Magic Time de Doug Marlette. Cherche Midi, 2016. 670 pages. 22,00 euros.

Les avis de Kathel et Léa

Et un grand merci à Solène pour ce cadeau d'anniversaire inattendu.













mercredi 16 mars 2016

Les poilus T1 : frisent le burn-out - Guillaume Bouzard

Depuis Tardi, il semblait difficile voire impossible pour les auteurs de BD d’aborder la première guerre mondiale. Mais depuis quelques années l’étau s’est desserré et beaucoup se sont affranchis de l’ombre tutélaire de l’auteur de « C’était la guerre des tranchées » pour se lancer et traiter le sujet. Pour autant, aucun avant Bouzard ne s’était écarté du registre dramatique pour s’aventurer du coté de l’humour. Rire des poilus ou avec eux ? Mission impossible à première vue. Et pourtant…

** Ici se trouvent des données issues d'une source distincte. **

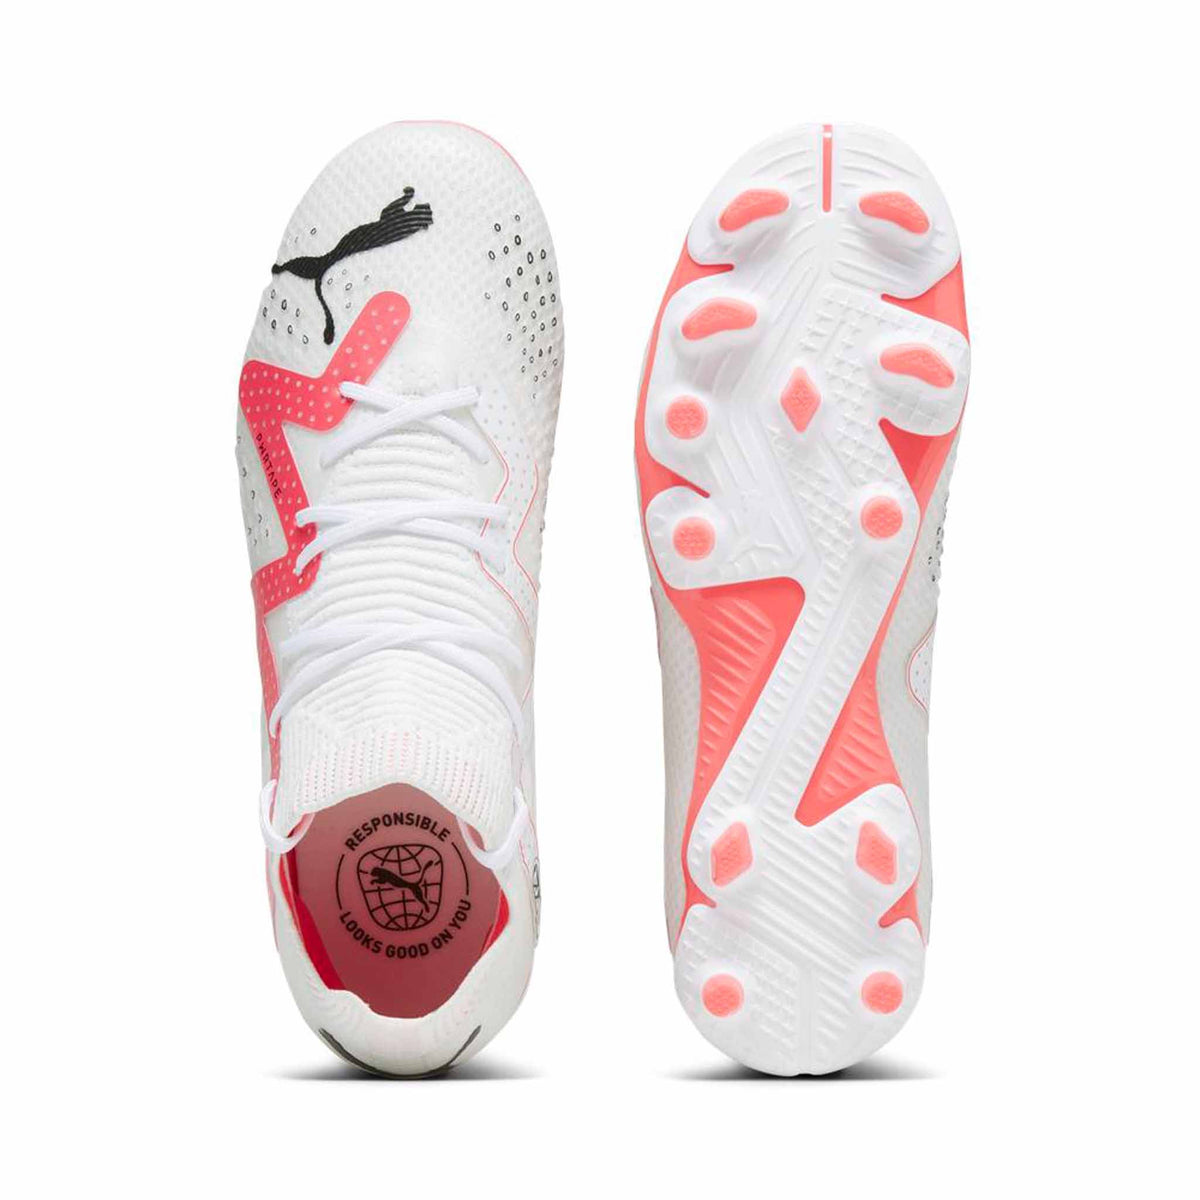 Puma Future Pro FG/AG chaussures de soccer à crampons junior - Puma White / Fire Orchid

Les poilus de Bouzard jouent au rugby avec des grenades, creusent des tunnels pour découvrir le trésor des templiers, tombent sur un mexicain basané au détour d’une tranchée ou sont aidés dans leur progression par des guerriers navajos. Ridicule ? Ça devrait l’être oui. Complètement con même, n’ayons pas peur des mots. Et pourtant ça ne l’est pas. Parce que cette déclinaison de récits courts et le plus souvent absurdes finit par prendre sens malgré les anachronismes et le manque évident de crédibilité historique. Car quoi de plus absurde que cette infernale boucherie de 14-18 ? Quoi de plus absurde que la guerre tout court ? De ce grand n’importe quoi émerge donc une prise de position pacifiste clamée avec un humour très particulier. Et ça fonctionne.

Bien sûr, les poilus sont tous ici un peu crétins, c’est ce qui fait leur charme d’ailleurs. Mais à travers ces portraits grinçants et sans avoir l’air d’y toucher, Bouzard dit les officiers belliqueux aux ambitions aussi ridicules que suicidaires pour leurs troupes, il dit les petites lâchetés bien compréhensibles de ces soldats qui n’ont rien de héros mais restent avant tout des hommes. Il alterne le délire, une certaine forme de légèreté et des moments plus graves, notamment les épisodes où le troufion Pierre écrit à sa chère Suzanne. En fil rouge de l’album, on suit la disparition progressive de la population d’un village de province dont les forces vives envoyées au front sont peu à peu décimées. Et quand le seul rescapé, blessé, retourne sur ces terres, les aïeux règlent vite son cas :

- Hé bé, il en reviendra au moins ! 
- Oui, et c’est pas le meilleur.
- Ah, c’est sûr que c’est pas avec ça que le village va se repeupler.

Décalé, irrévérencieux, engagé, drôle et sacrément casse-gueule. Autant vous dire que j’ai apprécié cet album inclassable qui, je l’avoue sans honte, m’a pris par surprise alors que je me réjouissais avant le coup de le descendre en flèche. Comme quoi.

Les poilus frisent le burn-out de Guillaume Bouzard. Fluide Glacial, 2016. 48 pages. 10,95 euros.